Weekend polls and predictions
Newsweek: "As President George W. Bush jets across Red State America this weekend, Republican candidates are falling further behind Democratic rivals... If the elections were held today, 54 percent of likely voters say they would support the Democratic candidate in their district versus 38 percent who would vote for the Republican -- a 16-point edge for the Democrats."
And Bush's approval rating is just 35 percent.
But: "Expect to hear lots in the news and on the Web during the next few days about the GOP’s '72-hour campaign,' the party's hyper-organized, multimillion-dollar get-out-the-vote effort that uses mailing lists, consumer marketing information and high-tech data crunching to find Republicans and roust them to the polls."
Will the Democrats be able to match that effort?
See also MyDD.
The Weekly Standard: The staff of the leading neocon rag give their midterm predictions. Only one of the 17 predicts that the GOP will hold on to the House.
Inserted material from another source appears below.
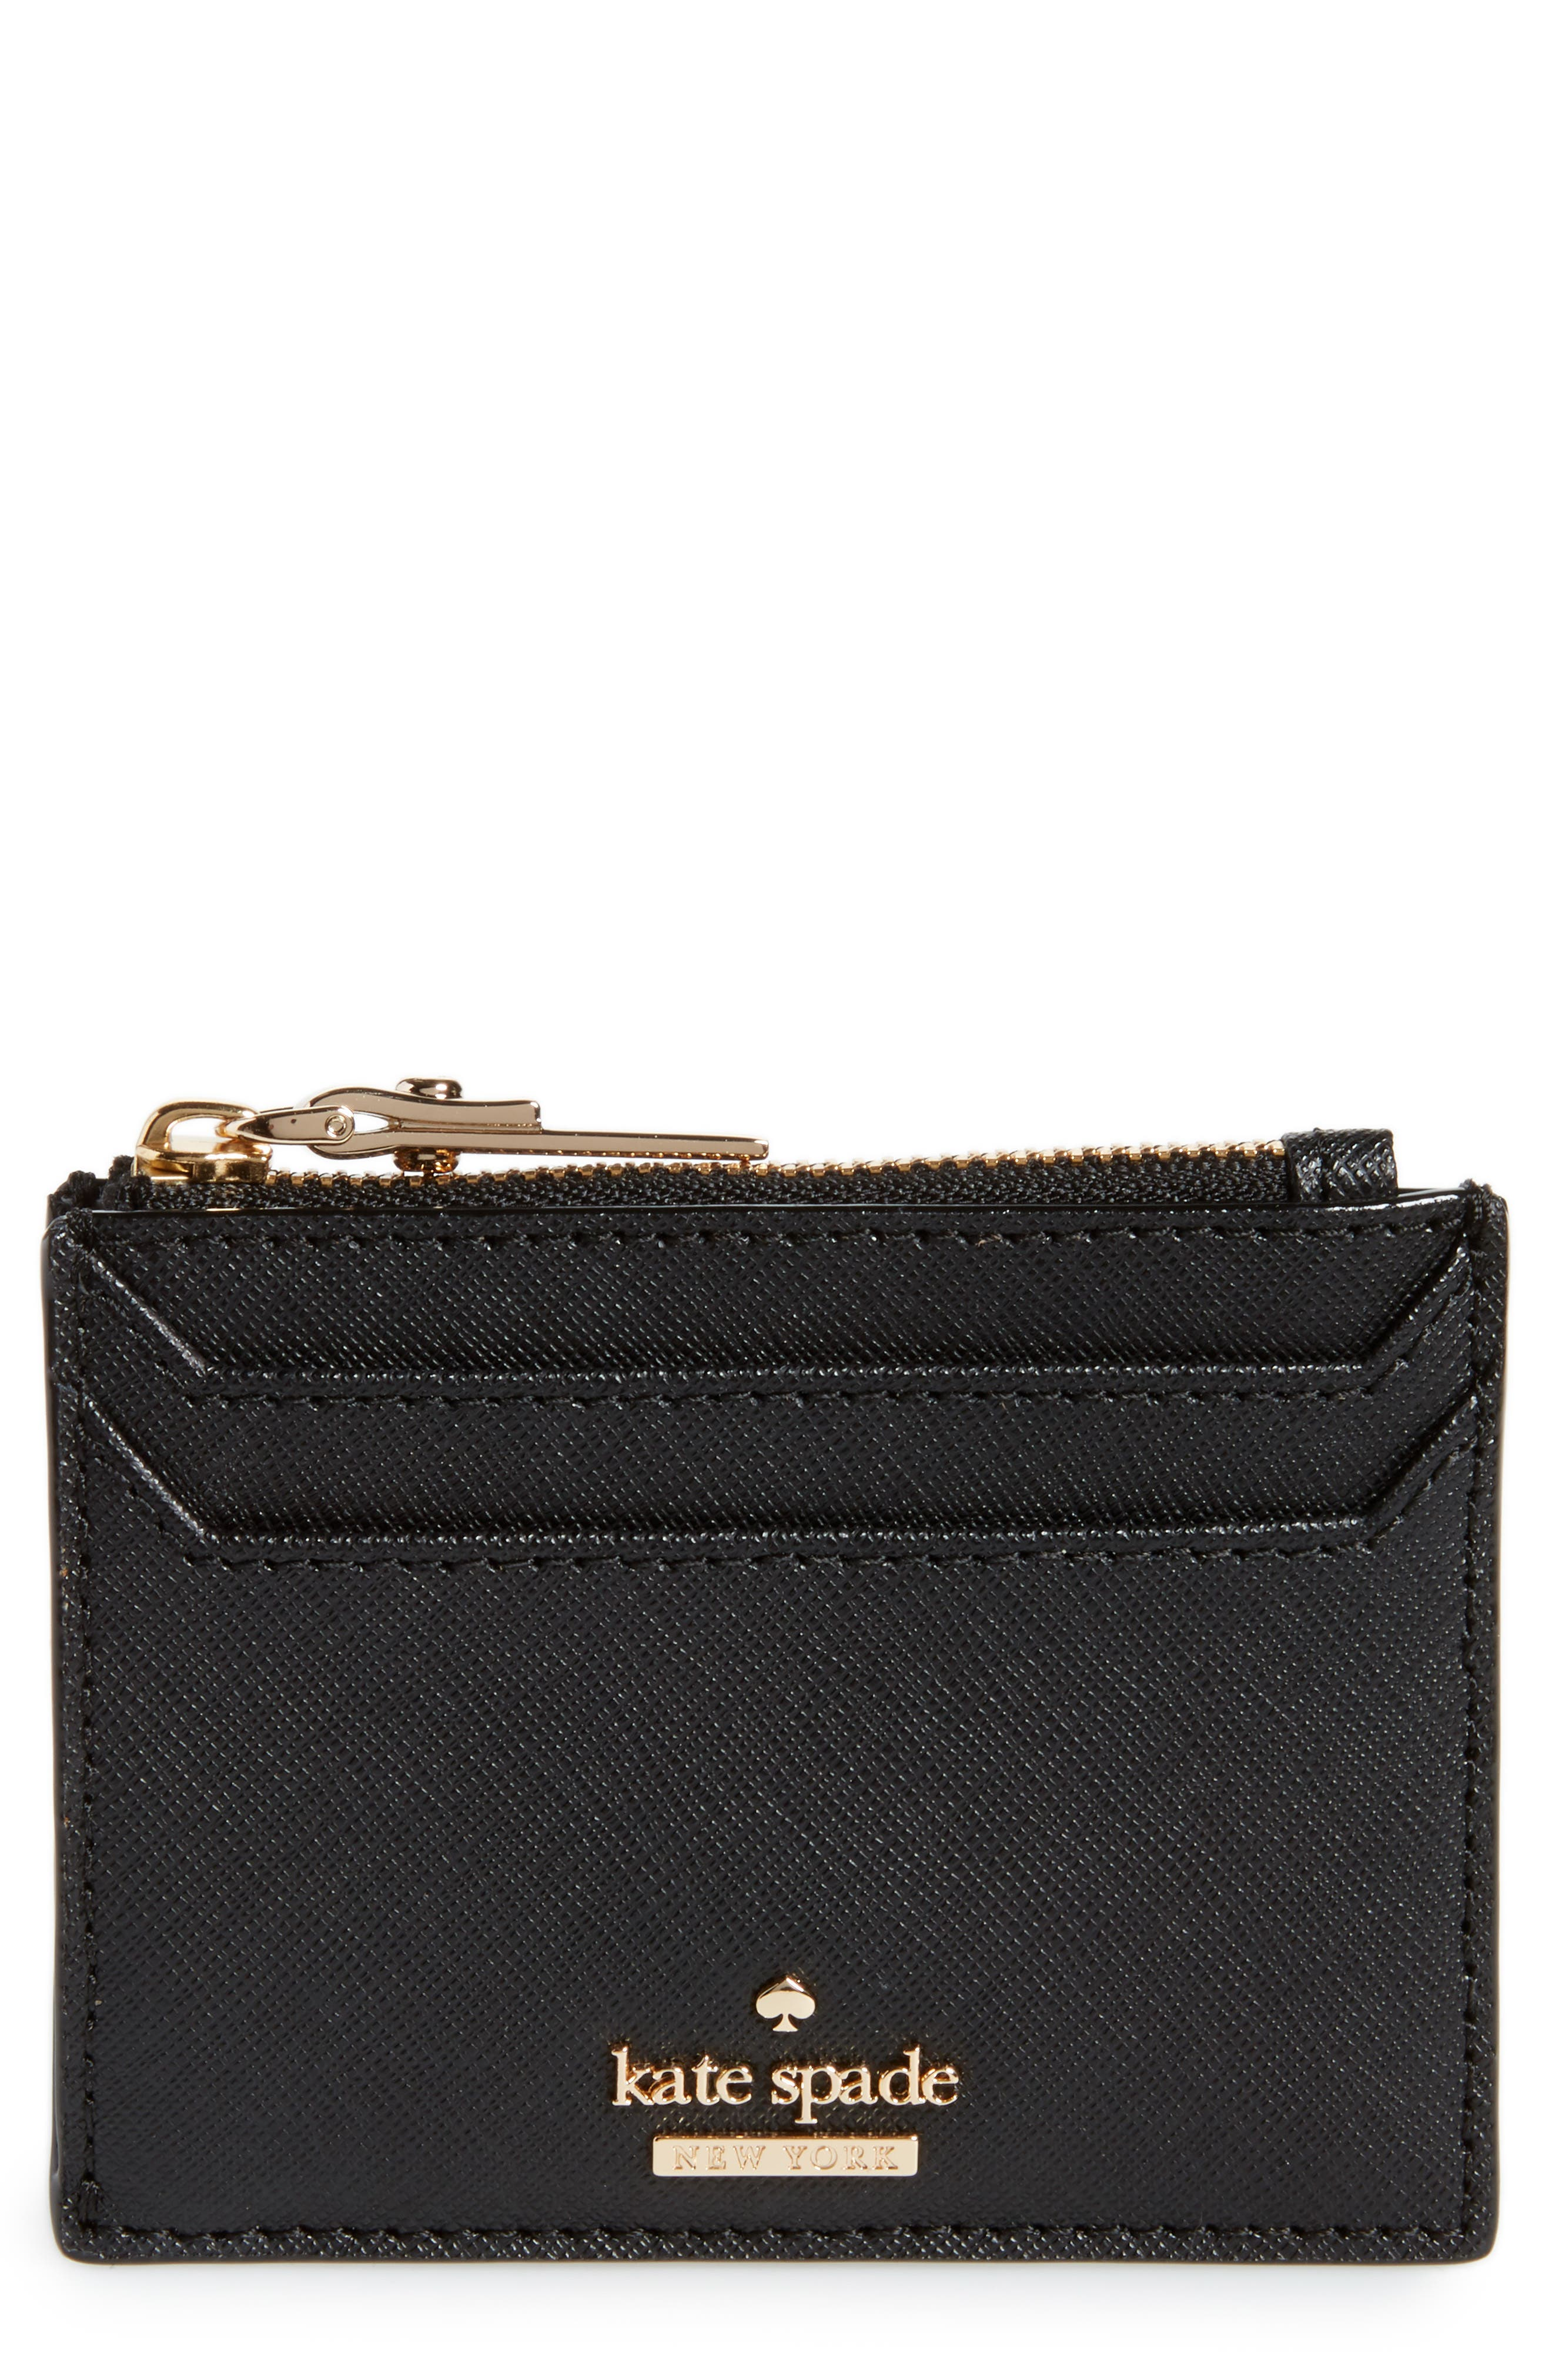 kate spade new york cameron street - lalena leather card case

Eight predict that the Senate will stay Republican, five that it will go Democratic, and four that it will be a 50-50 tie when all is said and done.
Then again, these guys still think going to war in Iraq was a great idea.
The Post and the Times have good overviews.
From the former: "'The bottom just fell out,' said Amy Walter, a House analyst at the nonpartisan Cook Political Report. Her publication predicted yesterday that Republicans will lose 20 to 35 seats. Rothenberg predicted a 34-to-40-seat Democratic gain. 'The House is gone,' he said"
Rasmussen Reports: "On the final Saturday of Election 2006, the race for control of the Senate is tied. The Rasmussen Reports Senate Balance of Power summary now rates 49 seats as Democrat or Leans Democrat and 49 seats as Republican or Leans Republican and two as Toss-Ups. The two remaining Toss-Ups are both seats defended by incumbent Republicans -- Jim Talent in Missouri and George Allen in Virginia."
And check out The Cook Political Report and The Rothenberg Political Report for the latest prognostications from the best in the business.
And see Robert Kuttner in the Globe: "November 2006 will be remembered either as the time American democracy was stolen again, maybe forever, or began a brighter day."